### WHAT TO WORK ON
For the listing that follows, give again exactly the lines from the one with "Ashley Furniture Signature" to the one with "HP DL380 G6, G7", including both.

### AVAILABLE DATA
########################################

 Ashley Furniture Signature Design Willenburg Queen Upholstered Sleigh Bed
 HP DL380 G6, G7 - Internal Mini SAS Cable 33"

########################################

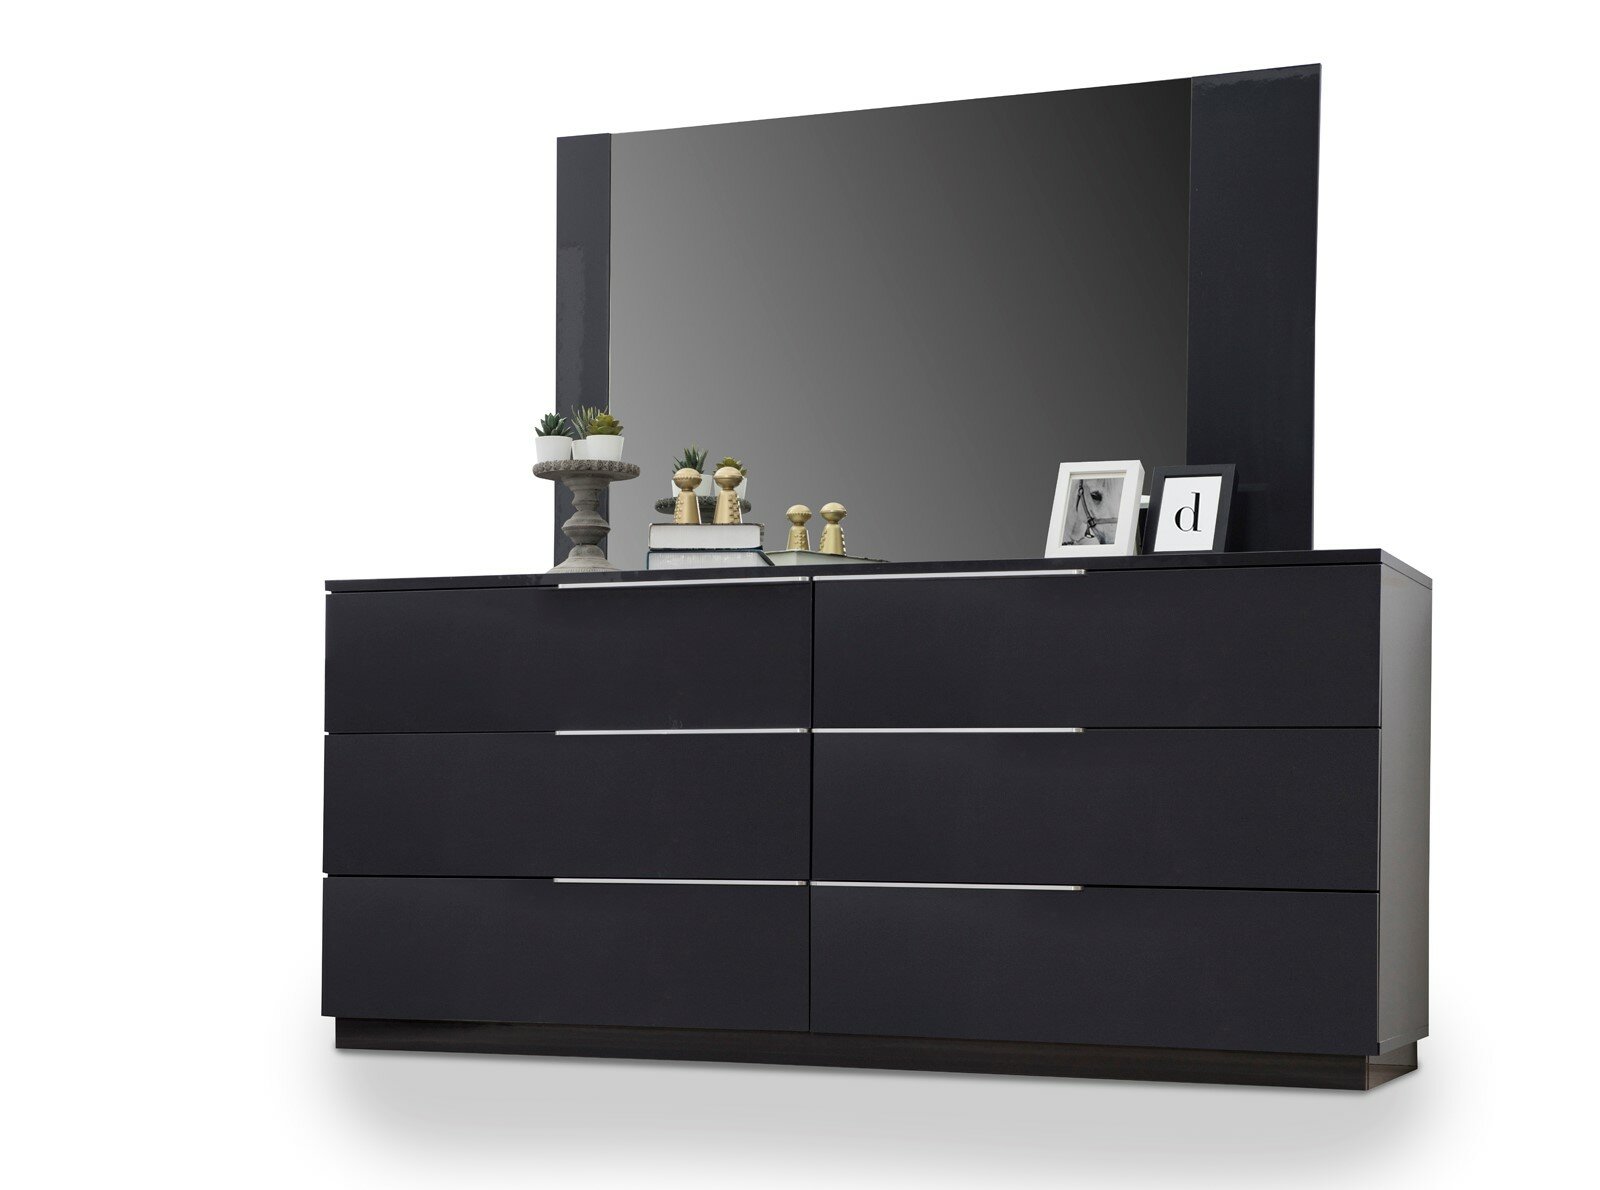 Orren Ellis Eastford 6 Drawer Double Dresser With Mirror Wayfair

########################################

### RESULT BELOW
 Ashley Furniture Signature Design Willenburg Queen Upholstered Sleigh Bed
 HP DL380 G6, G7 - Internal Mini SAS Cable 33"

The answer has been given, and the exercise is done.